Good Thing the Man on the White House Blog Doesn't Know How to Write a Blog Entry

I'm just going to post the entire "Change-sorting" blog entry of David O. Washington, Associate Director of the White House's new Office of Public Engagement, first and invite readers to peruse it carefully and think about why it may fail rhetorically as a blog entry.

It was posted on the White House blog but not reposted on the White House Facebook page, so I'm not able to see the public comments of others. But I'll post what I think the answers are to my basic question about what is wrong with this blog posting after the text.

One part of our job in the Office of Public Engagement is to help the public, and the groups that represent their interests navigate and engage with the right areas of their government.

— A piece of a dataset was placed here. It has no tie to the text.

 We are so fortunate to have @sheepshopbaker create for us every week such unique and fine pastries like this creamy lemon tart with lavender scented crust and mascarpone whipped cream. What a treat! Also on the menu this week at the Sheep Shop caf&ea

We help them navigate the Administration and its branches in order to help find the folks here who can shine light on their questions, comments and suggestions.

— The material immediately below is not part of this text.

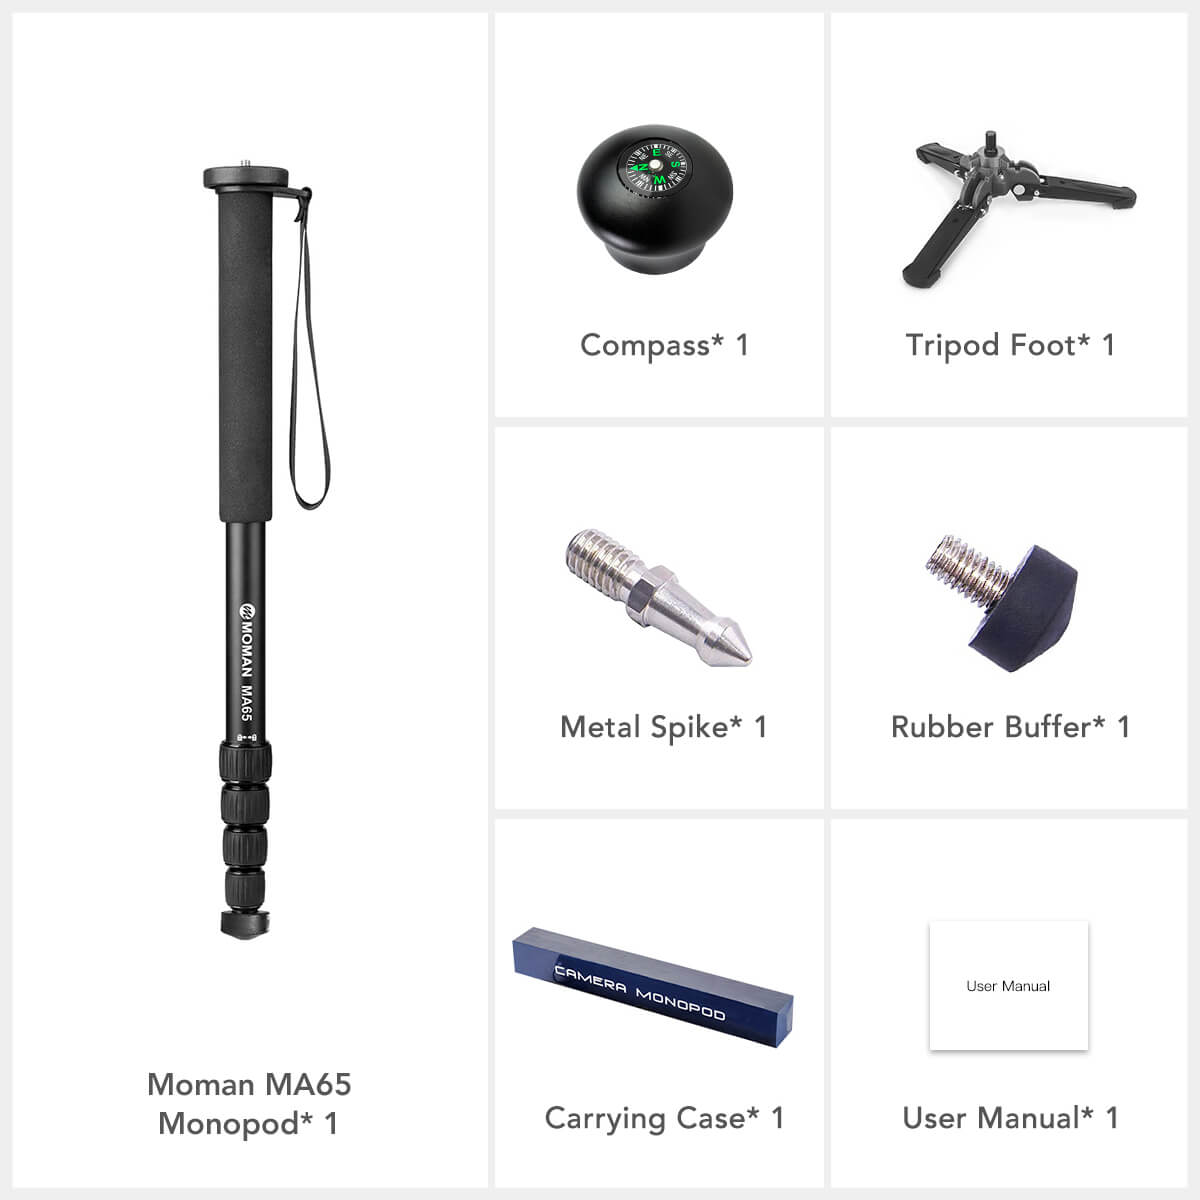 Package list of Moman MA65: Monopod, compass, tripod foot, carrying case, etc.

Surprising to me, when I shared that's what I do with the Americans I’ve interacted with since I started in my new role here at the Office of Public Engagement, they seemed surprised. It’s almost as though they don’t realize that in addition to serving at the pleasure of the President, we also serve at the pleasure of the American people –or more accurately we *work for* the American people.

A good friend from junior high was trying to describe this function of our department to another friend and he said "…it’s kinda like those old school change-sorters from the 80’s. The ones you could dump in all your pennies, nickels, dimes, and quarters and the machine would sort them out into the right cylinder. It sounds like your office does that… but with requests and phone-calls and letters and more importantly the big issues facing everyday Americans… they ask you for help and you get ‘em to the right person." In some ways it’s perfectly right…

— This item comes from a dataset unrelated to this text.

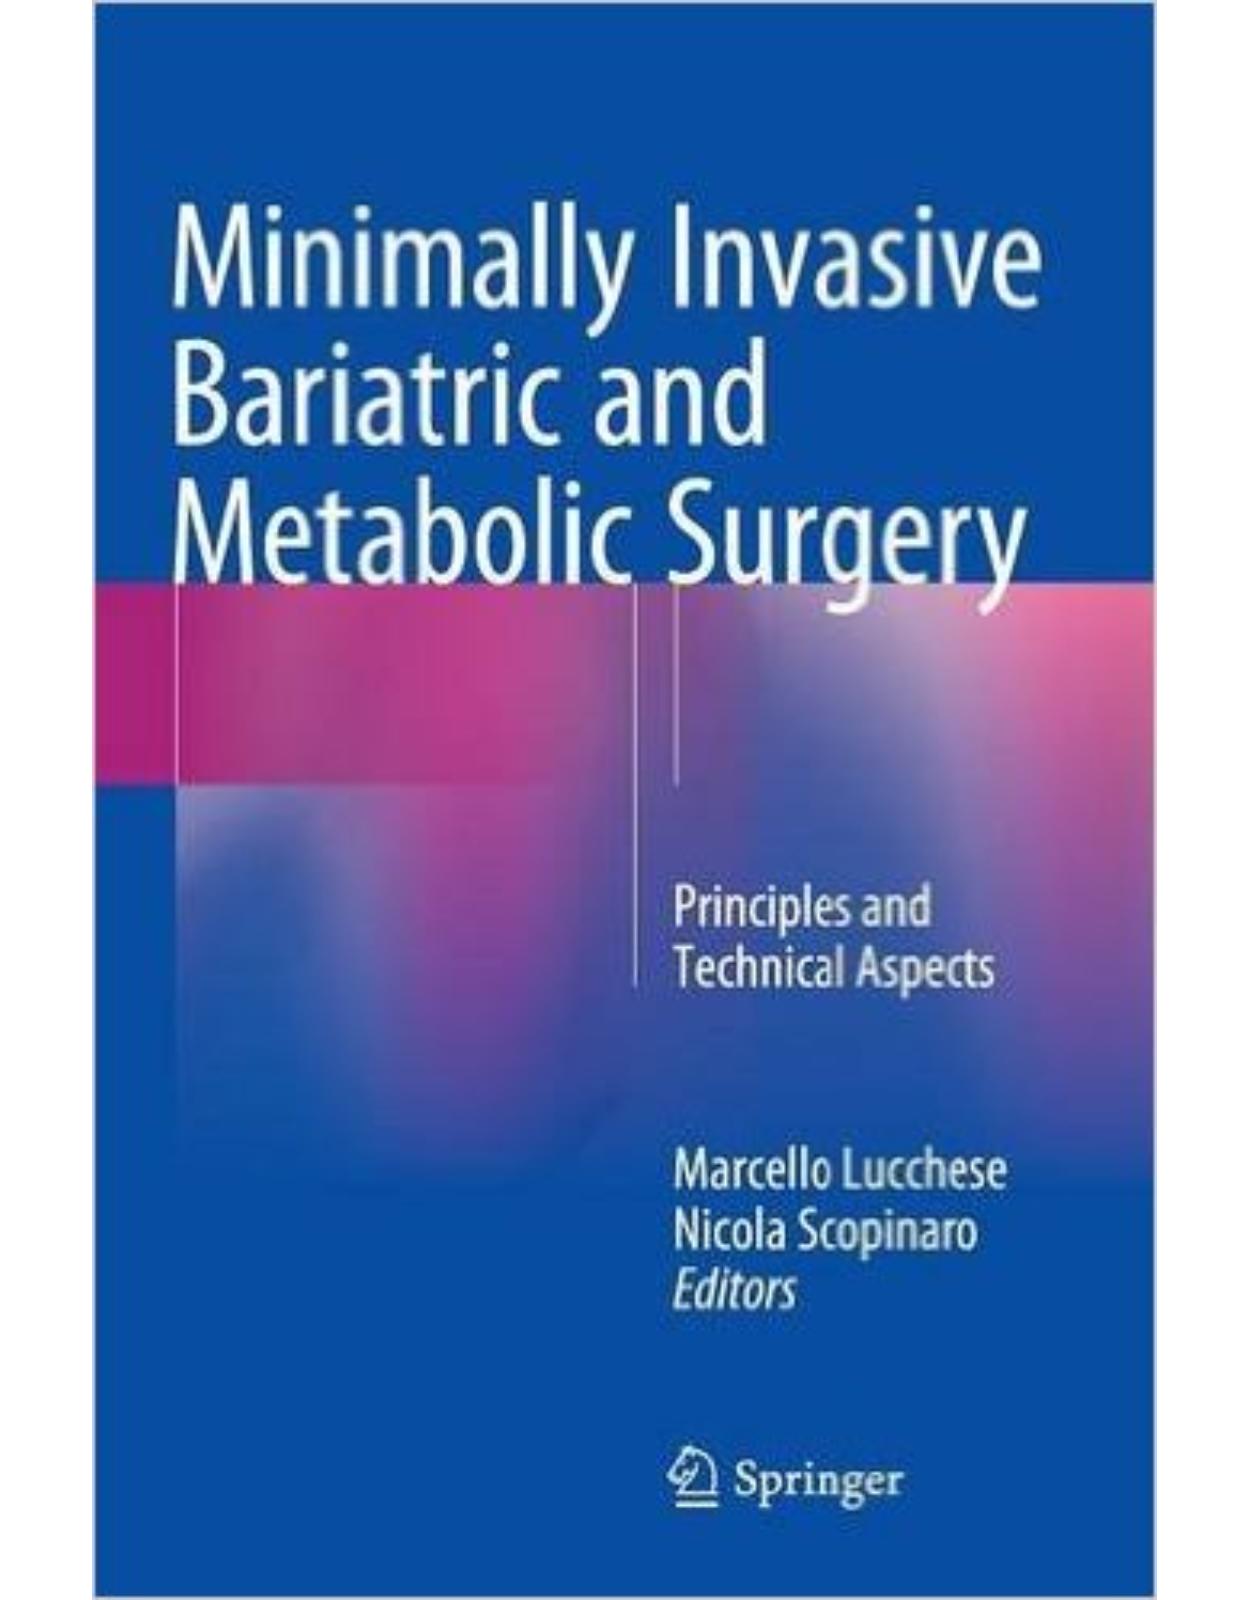 Minimally Invasive Bariatric and Metabolic Surgery: Principles and Technical Aspects 1st ed. 2015 Edition

I guess that’s why I love it here so much. I’ve always loved being a dot connecter and here that’s part of my job as the public/private partnerships lead for our office: to help Americans from across the country not only connect the dots to their government, but also… and here is the best part… in the process, we help to shape the way our government works and do our best to make the lives of Americans, that much better.

Every day is a new adventure, a lesson learned, and a blessing to serve the President.

The title for Washington's blog posting seems like it could also refer to sorting through the user-generated content from the Share Your Story and Share Your Vision input boxes at Change.gov, which invited Americans to upload text, photos, and videos to the government domain about their hopes for the new administration of Barack Obama. But he provides no information about how this office for public engagement is being organized and managed, what its mission is, his own background or what types of federal employees will work there, or even how "engagement" itself is constituted and defined. He says he sorts "requests and phone-calls and letters and more importantly the big issues" that come to his office, but we have no idea how he plans to respond to them individually or use them in aggregate.

Instead he makes the following basic blogging mistakes, which I often warn my own students against:

1) Washington makes the classic "It's all about me" error of bad blogging that I warn my students against, because he doesn't seem to address a potential reader's concerns in any way. And yet he also doesn't bother to perform the basic "about me" task required in web communication of explaining to the reader why a given blogger has a unique perspective, area of expertise, voice of authority, or community of like-minded others for whom he or she can credibly speak. We're told he's a "dot connector" who is repeating the words of his "good friend" who makes an analogy between his office and a change sorting machine, but he doesn't convey any specific information to the public. For example, what are those "public/private partnerships" that he is talking about?

2) The prose is full of vague aspirations, clichés, and platitudes. Instead of days conveying specific events that one might blog about, every day is the same: "a new adventure, a lesson learned, and a blessing." For circular reasoning this paragraph is particularly bad:

Surprising to me, when I shared that's what I do with the Americans I’ve interacted with since I started in my new role here at the Office of Public Engagement, they seemed surprised. It’s almost as though they don’t realize that in addition to serving at the pleasure of the President, we also serve at the pleasure of the American people –or more accurately we *work for* the American people.

3) No links! No links! Not even to his own office website! Does he ever read blogs? Does he realize that providing links to primary sources is a key activity in blogging?

Maybe Washington should read the Director's Blog of Congressional Budget Office, which has been generating controversy along with growing readership, to see how institutional blogging can be done.